India Hits 8.2% GDP Growth in June Quarter On Back of Manufacturing Boost And Base Effect

With the adverse effects of GST and demonetisation wearing off, the economy appears to be staging a recovery, although 8%-plus growth for the next three quarters does not seem likely.

New Delhi:India’s GDP growth rate jumped to 8.2% in the first quarter of the current fiscal ( April-June 2018) from 5.7% a year ago, driven by strong performance of the manufacturing and construction sectors but also helped by a lower base.

The robust GDP numbers are likely to boost the morale of the Modi government, which faces general elections next year.

“The robust GDP numbers are partly due to momentum in growth and partly because of the low base effect,” DK Joshi, chief economist, Crisil, a rating agency, told The Wire.

But even more important is the fact that growth has bounced back in the manufacturing and construction sectors, which are considered critical for employment generation. 

“The recovery in the manufacturing and construction sectors has raised hope that jobs will be created,” he added.

GDP growth for the April-June quarter last year (FY’18) came in at 5.6% (revised downward from 5.7%). The favourable base effect this time around has prompted economists to caution that 8%-plus growth doesn’t seem likely for the net three quarters.

“The numbers are pretty solid and mostly driven by public investment and higher consumption, especially, in the rural-end with this being a pre-election year,” said Shashank Mendiratta, India Economist, ANZ Bank told Reuters.

“This is probably the best GDP trend we have seen in the first half helped by a favourable base. Going ahead, I expect the growth rate to be moderate as private investment is unlikely to grow at a faster rate due to stressed assets. Private consumption grew at its fastest rate since demonetisation,” Mendiratta added.

In the fourth quarter of 2017-18, GDP growth was at 7.7%. 

Axis Bank chief economist Saugato Bhattacharya, who correctly predicted 8.2% growth, has also indicated that this “high growth is unlikely to sustain”.

“This high growth is unlikely to sustain, and will fall to around 7.2%  in the remaining three quarters of FY’19. Much of the deceleration is also due to base effects. FY’19 growth forecast is 7.4%,” he said in a note on Friday morning.

Manufacturing, construction and agriculture boost

Another measure of  growth, this one in gross-value added (GVA) terms, showed the Indian economy growing at 8% compared to 5.6% last year. As The Wire has pointed out, GVA has over the last few years become a more important measure of economic growth as it removes the impact of subsidies and indirect taxes.

While a positive base effect has helped growth, other key economic parameters on a GVA basis showed strength as well, especially in sectors such as manufacturing and construction.

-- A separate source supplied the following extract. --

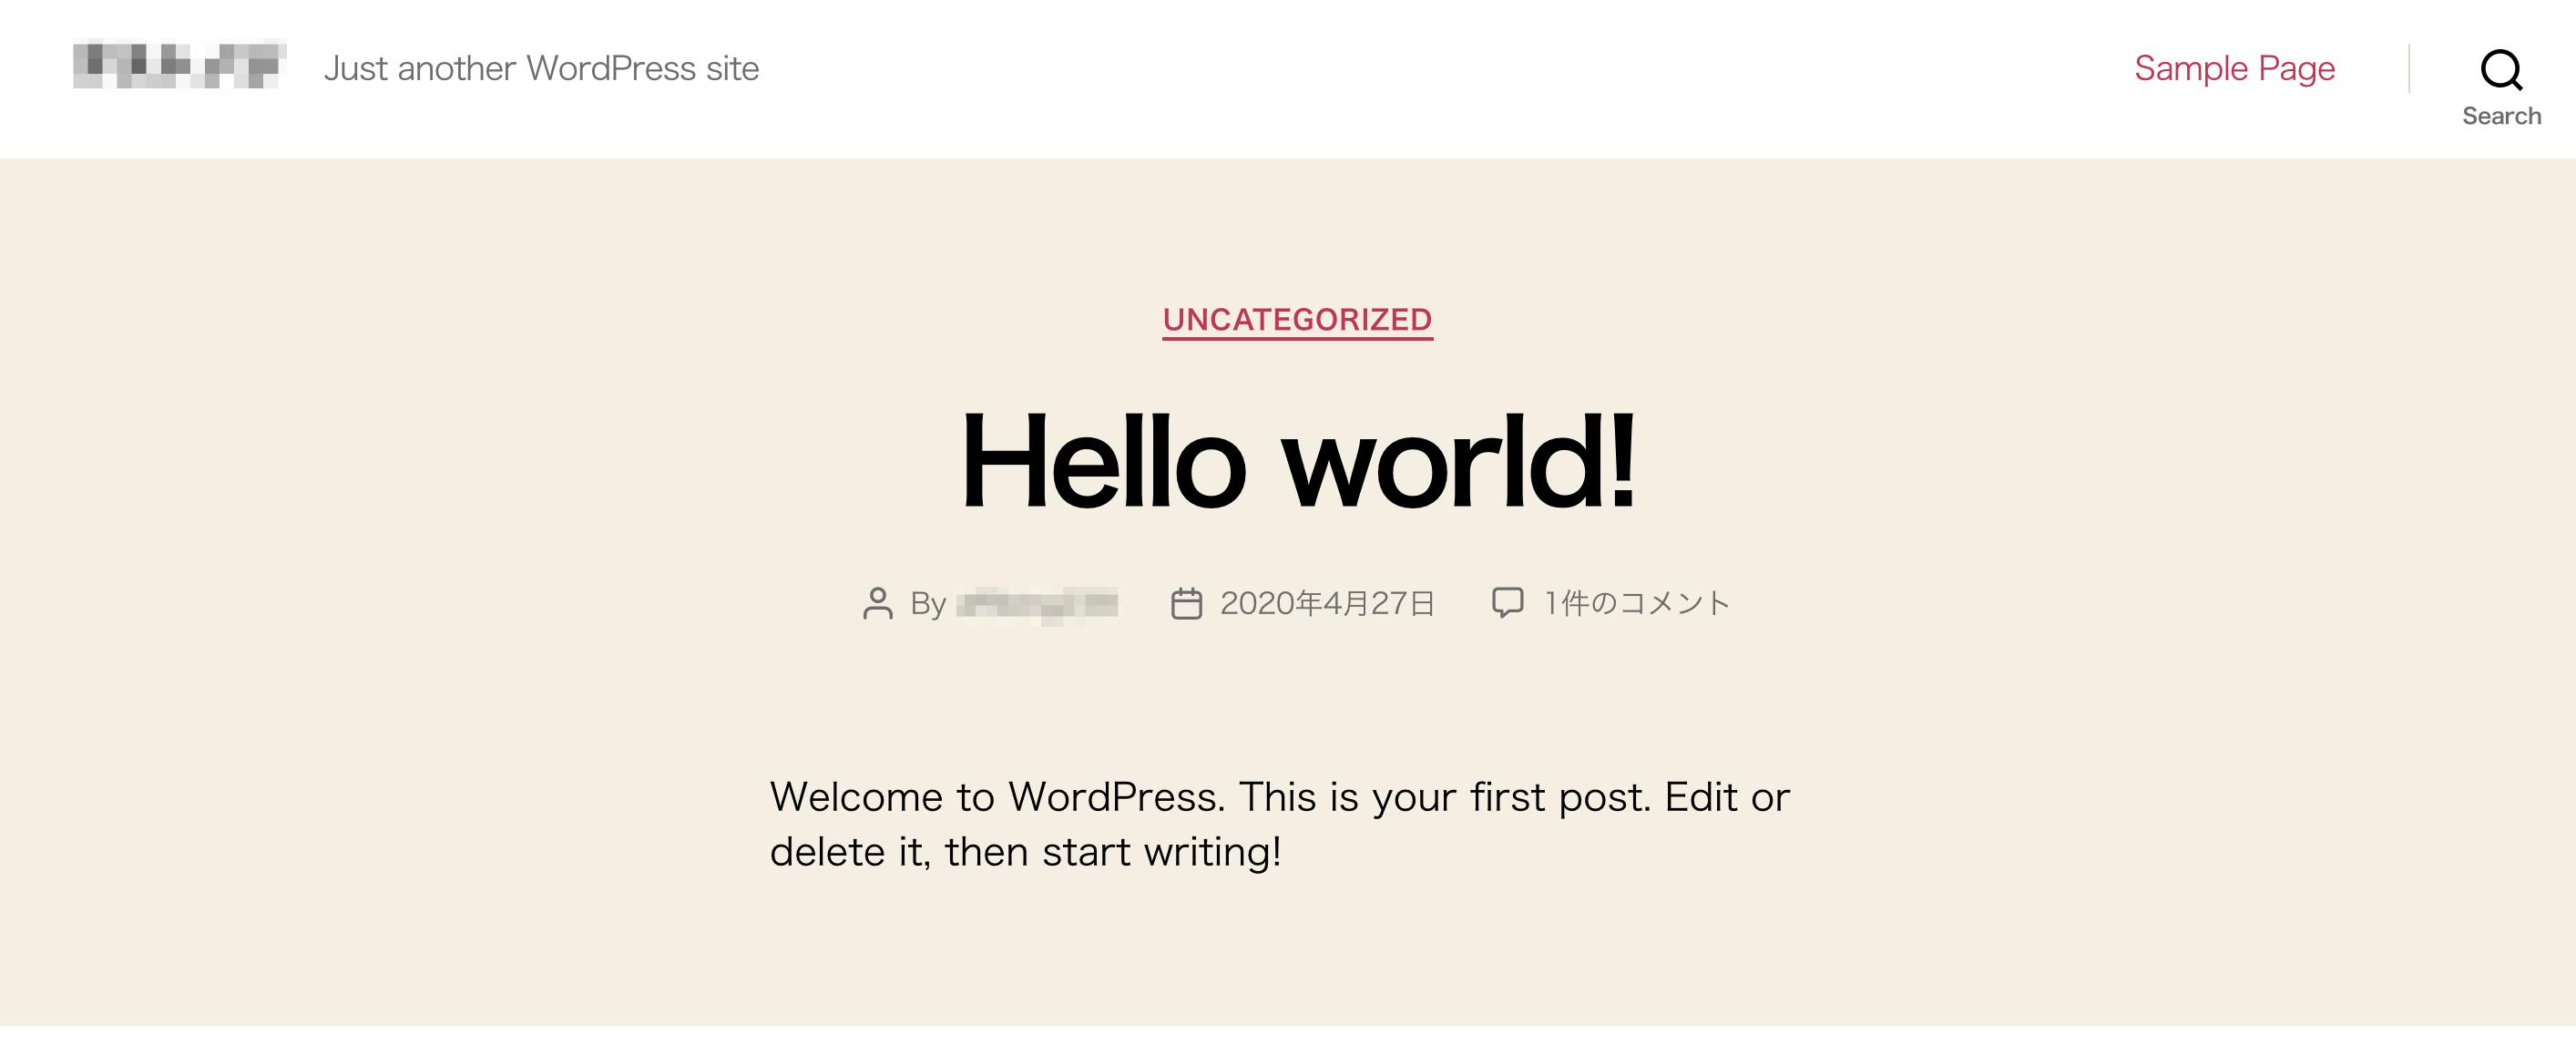 コノハHell world

For instance, the manufacturing sector grew at 13.5% in the June quarter compared to -1.8% last year.

The agriculture sector grew at 5.3% compared to 3%  last year, while construction also saw a healthy bump (8.7% compared to 1.8% last year).

Of particular importance is also a key growth factor called ‘private consumption expenditure’, which grew at 8.5%, the fastest in any quarter since demonetisation.

Private and government expenditures together contributed nearly 67% of the GDP during the April-June quarter.

Another important metric to watch for private investment – gross fixed capital formation (GFCF) – accounted for 31.6% of GDP during the quarter, higher than 31% in the same period last year.